Aim of the exercise
All of the data that follows is to be printed exactly, without pictures.

Available data
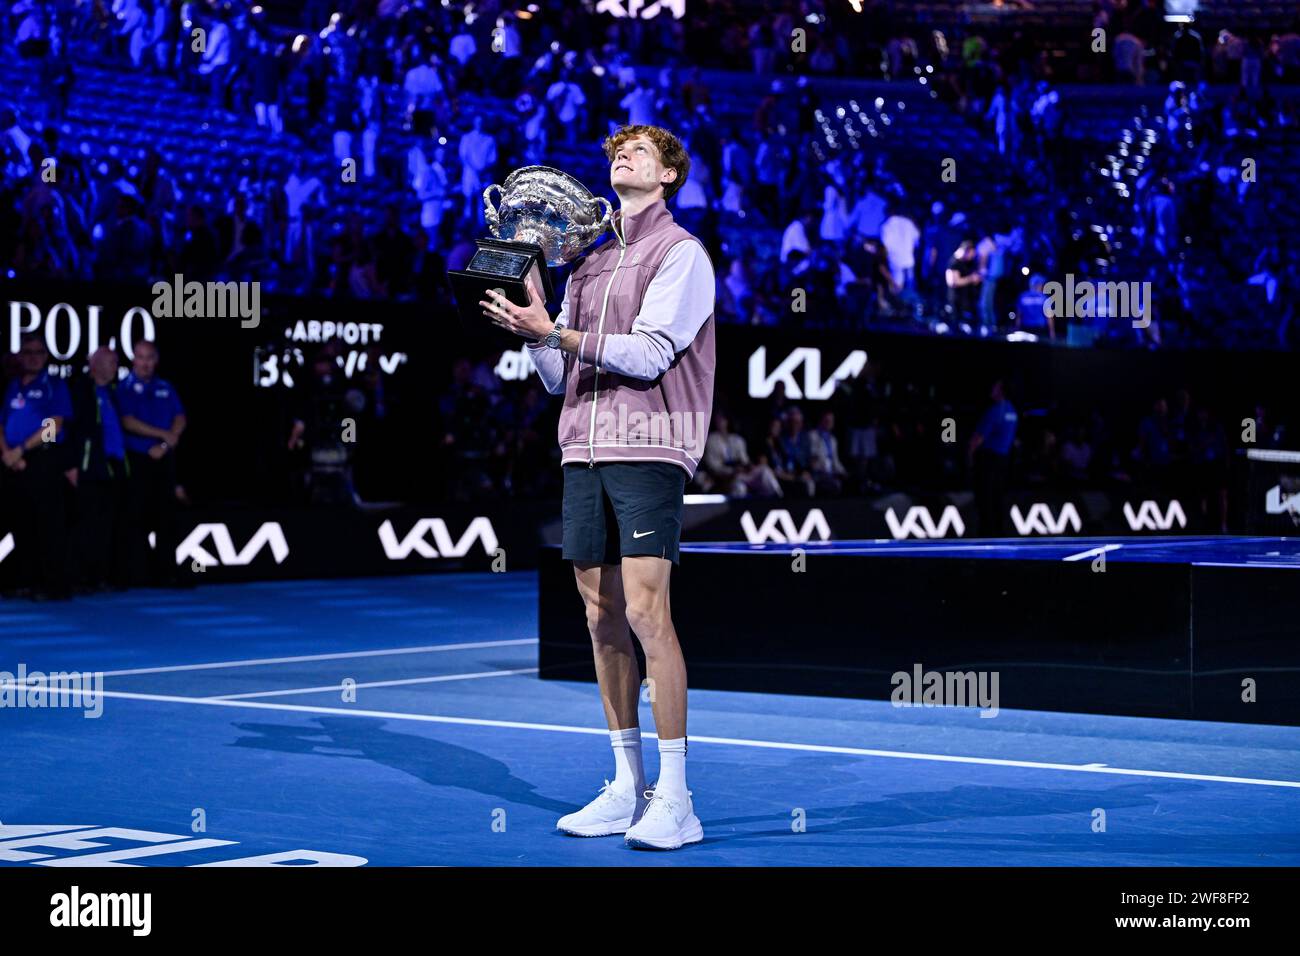 Jannik Sinner of Italy with the Norman Brookes cup trophy during the Australian Open AO 2024 men's final Grand Slam tennis tournament on January 28, 2024 at Melbourne Park in Australia. Stock Photo
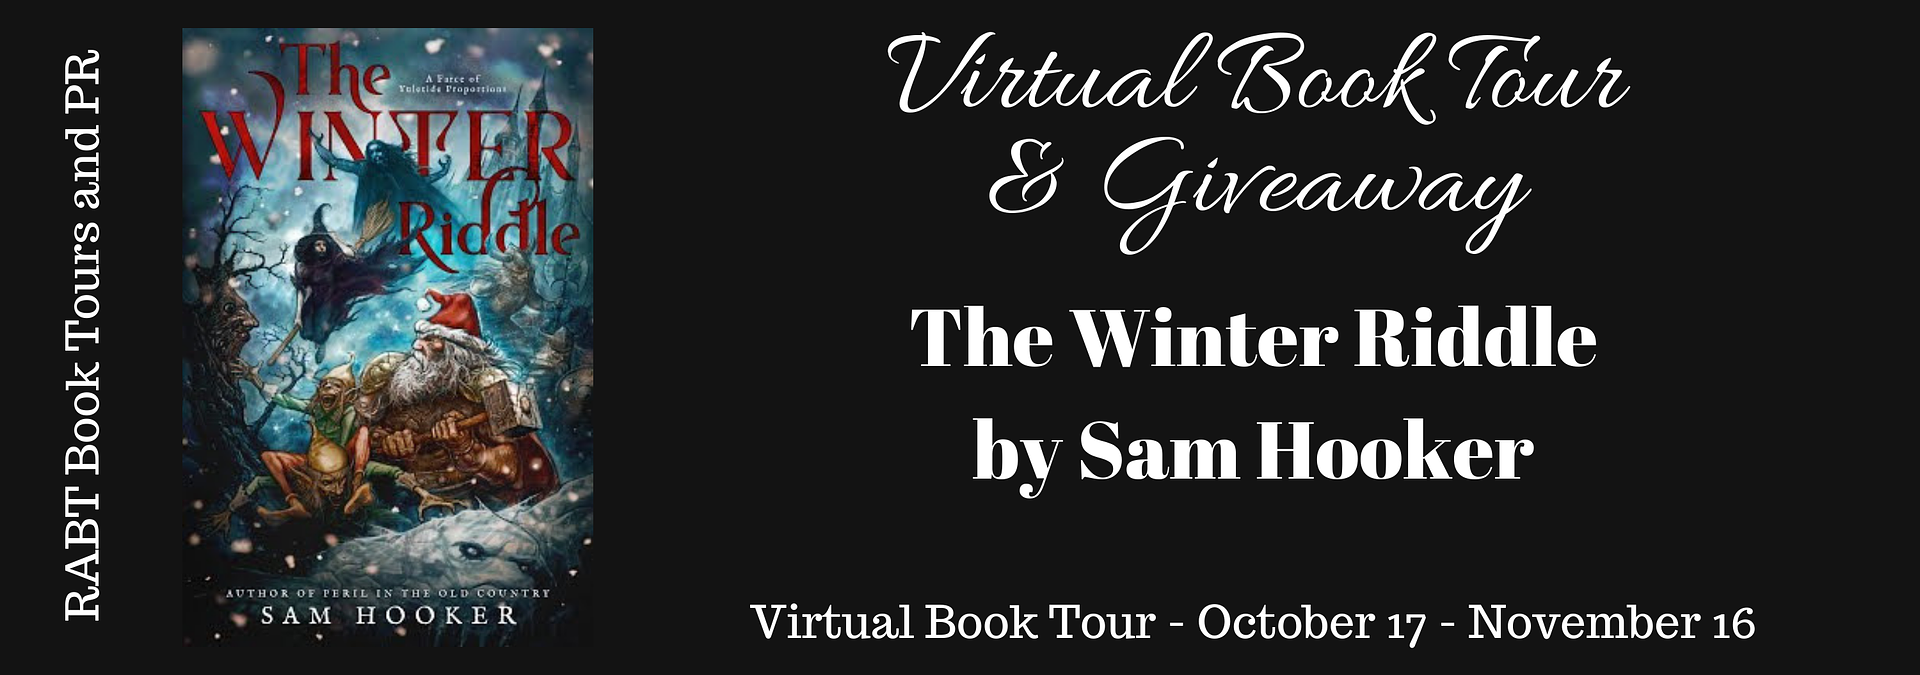 Virtual Book Tour: The Winter Riddle by @SamHooker #interview #giveaway #fantasy @RABTBookTours
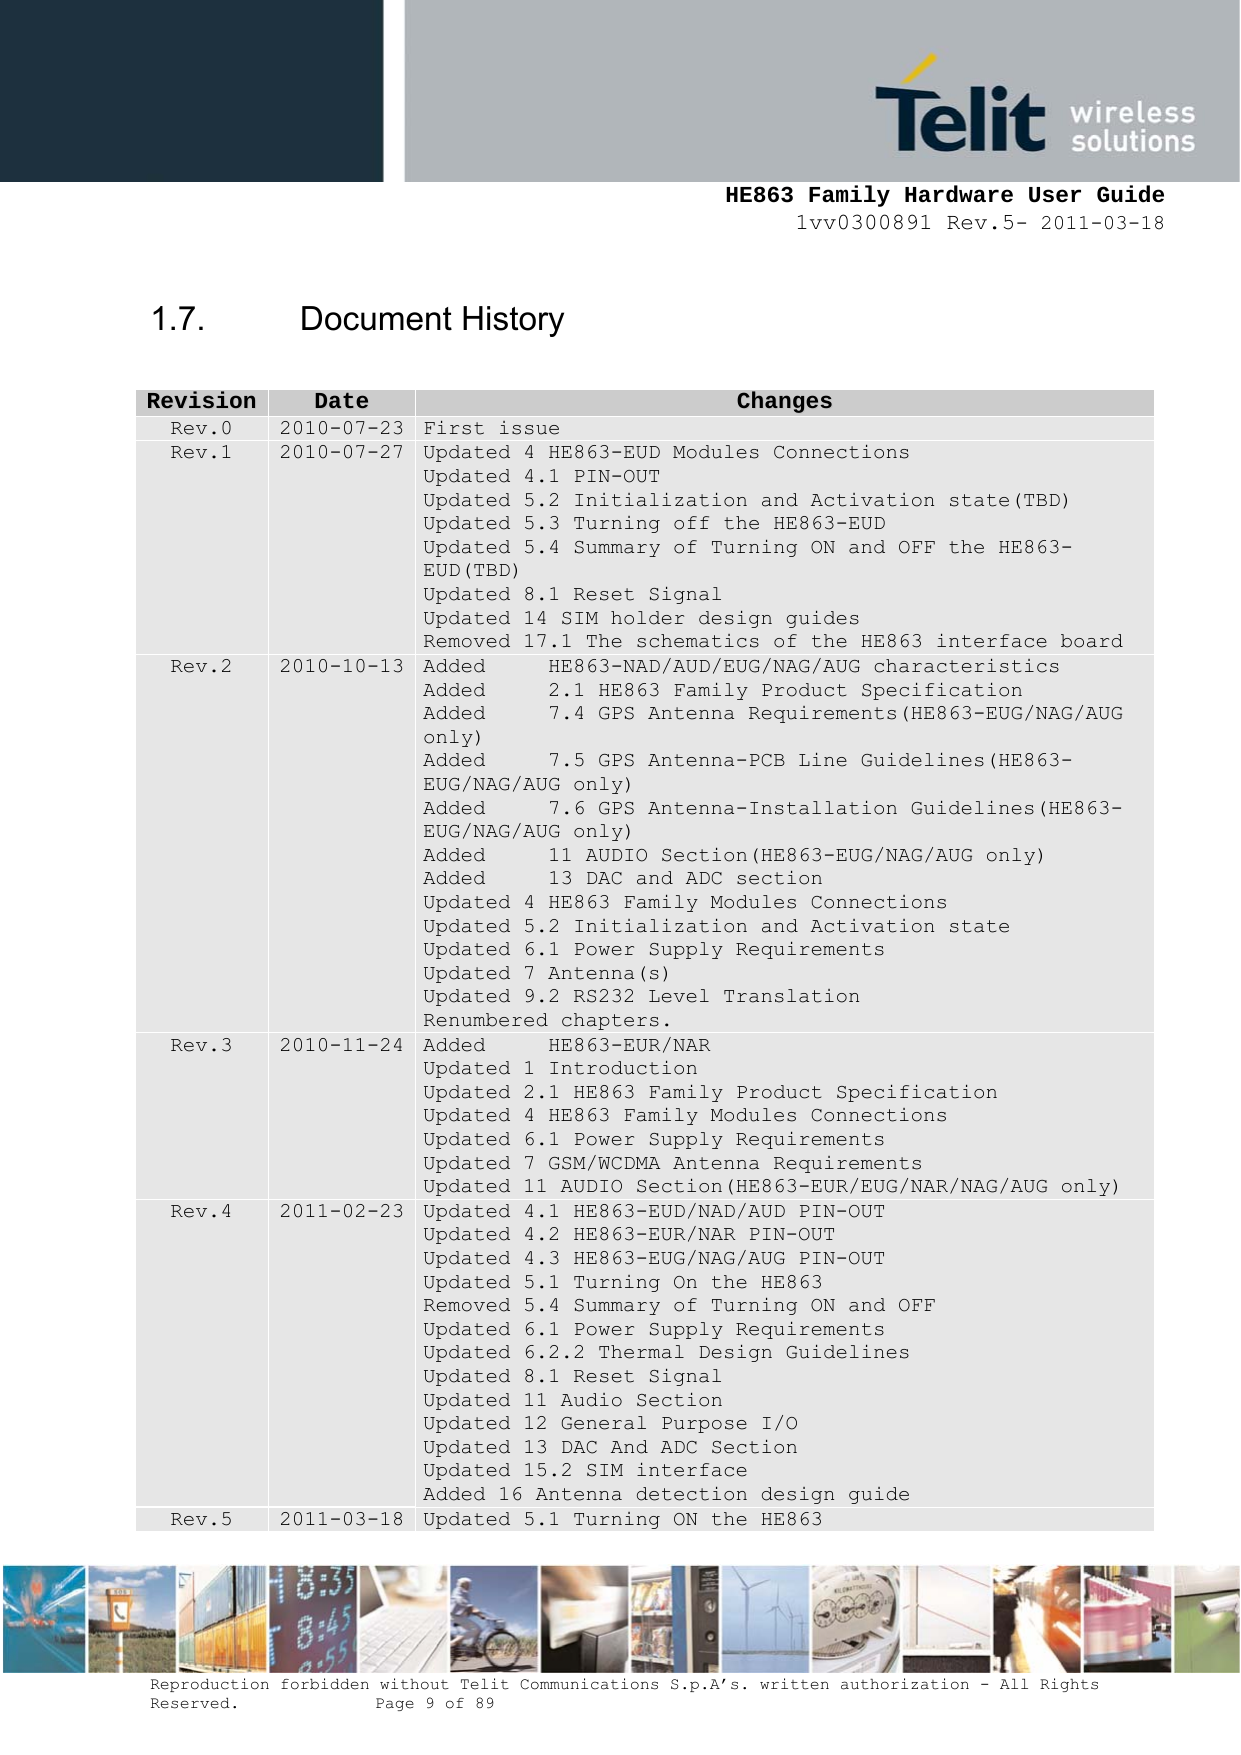     HE863 Family Hardware User Guide 1vv0300891 Rev.5- 2011-03-18    Reproduction forbidden without Telit Communications S.p.A’s. written authorization - All Rights Reserved.    Page 9 of 89  1.7. Document History  RReevviissiioonn  DDaattee CChhaannggeess Rev.0  2010-07-23  First issue Rev.1  2010-07-27  Updated 4 HE863-EUD Modules Connections Updated 4.1 PIN-OUT Updated 5.2 Initialization and Activation state(TBD) Updated 5.3 Turning off the HE863-EUD Updated 5.4 Summary of Turning ON and OFF the HE863-EUD(TBD) Updated 8.1 Reset Signal Updated 14 SIM holder design guides Removed 17.1 The schematics of the HE863 interface board Rev.2  2010-10-13  Added     HE863-NAD/AUD/EUG/NAG/AUG characteristics Added     2.1 HE863 Family Product Specification Added     7.4 GPS Antenna Requirements(HE863-EUG/NAG/AUG only) Added     7.5 GPS Antenna-PCB Line Guidelines(HE863-EUG/NAG/AUG only) Added     7.6 GPS Antenna-Installation Guidelines(HE863-EUG/NAG/AUG only) Added     11 AUDIO Section(HE863-EUG/NAG/AUG only) Added     13 DAC and ADC section Updated 4 HE863 Family Modules Connections Updated 5.2 Initialization and Activation state Updated 6.1 Power Supply Requirements Updated 7 Antenna(s) Updated 9.2 RS232 Level Translation Renumbered chapters. Rev.3  2010-11-24  Added     HE863-EUR/NAR Updated 1 Introduction Updated 2.1 HE863 Family Product Specification Updated 4 HE863 Family Modules Connections Updated 6.1 Power Supply Requirements Updated 7 GSM/WCDMA Antenna Requirements Updated 11 AUDIO Section(HE863-EUR/EUG/NAR/NAG/AUG only) Rev.4  2011-02-23  Updated 4.1 HE863-EUD/NAD/AUD PIN-OUT Updated 4.2 HE863-EUR/NAR PIN-OUT Updated 4.3 HE863-EUG/NAG/AUG PIN-OUT Updated 5.1 Turning On the HE863 Removed 5.4 Summary of Turning ON and OFF Updated 6.1 Power Supply Requirements Updated 6.2.2 Thermal Design Guidelines Updated 8.1 Reset Signal Updated 11 Audio Section Updated 12 General Purpose I/O Updated 13 DAC And ADC Section Updated 15.2 SIM interface Added 16 Antenna detection design guide Rev.5  2011-03-18  Updated 5.1 Turning ON the HE863

Answer for this exercise
 Jannik Sinner of Italy with the Norman Brookes cup trophy during the Australian Open AO 2024 men's final Grand Slam tennis tournament on January 28, 2024 at Melbourne Park in Australia. Stock Photo
 Virtual Book Tour: The Winter Riddle by @SamHooker #interview #giveaway #fantasy @RABTBookTours
     HE863 Family Hardware User Guide 1vv0300891 Rev.5- 2011-03-18    Reproduction forbidden without Telit Communications S.p.A’s. written authorization - All Rights Reserved.    Page 9 of 89  1.7. Document History  RReevviissiioonn  DDaattee CChhaannggeess Rev.0  2010-07-23  First issue Rev.1  2010-07-27  Updated 4 HE863-EUD Modules Connections Updated 4.1 PIN-OUT Updated 5.2 Initialization and Activation state(TBD) Updated 5.3 Turning off the HE863-EUD Updated 5.4 Summary of Turning ON and OFF the HE863-EUD(TBD) Updated 8.1 Reset Signal Updated 14 SIM holder design guides Removed 17.1 The schematics of the HE863 interface board Rev.2  2010-10-13  Added     HE863-NAD/AUD/EUG/NAG/AUG characteristics Added     2.1 HE863 Family Product Specification Added     7.4 GPS Antenna Requirements(HE863-EUG/NAG/AUG only) Added     7.5 GPS Antenna-PCB Line Guidelines(HE863-EUG/NAG/AUG only) Added     7.6 GPS Antenna-Installation Guidelines(HE863-EUG/NAG/AUG only) Added     11 AUDIO Section(HE863-EUG/NAG/AUG only) Added     13 DAC and ADC section Updated 4 HE863 Family Modules Connections Updated 5.2 Initialization and Activation state Updated 6.1 Power Supply Requirements Updated 7 Antenna(s) Updated 9.2 RS232 Level Translation Renumbered chapters. Rev.3  2010-11-24  Added     HE863-EUR/NAR Updated 1 Introduction Updated 2.1 HE863 Family Product Specification Updated 4 HE863 Family Modules Connections Updated 6.1 Power Supply Requirements Updated 7 GSM/WCDMA Antenna Requirements Updated 11 AUDIO Section(HE863-EUR/EUG/NAR/NAG/AUG only) Rev.4  2011-02-23  Updated 4.1 HE863-EUD/NAD/AUD PIN-OUT Updated 4.2 HE863-EUR/NAR PIN-OUT Updated 4.3 HE863-EUG/NAG/AUG PIN-OUT Updated 5.1 Turning On the HE863 Removed 5.4 Summary of Turning ON and OFF Updated 6.1 Power Supply Requirements Updated 6.2.2 Thermal Design Guidelines Updated 8.1 Reset Signal Updated 11 Audio Section Updated 12 General Purpose I/O Updated 13 DAC And ADC Section Updated 15.2 SIM interface Added 16 Antenna detection design guide Rev.5  2011-03-18  Updated 5.1 Turning ON the HE863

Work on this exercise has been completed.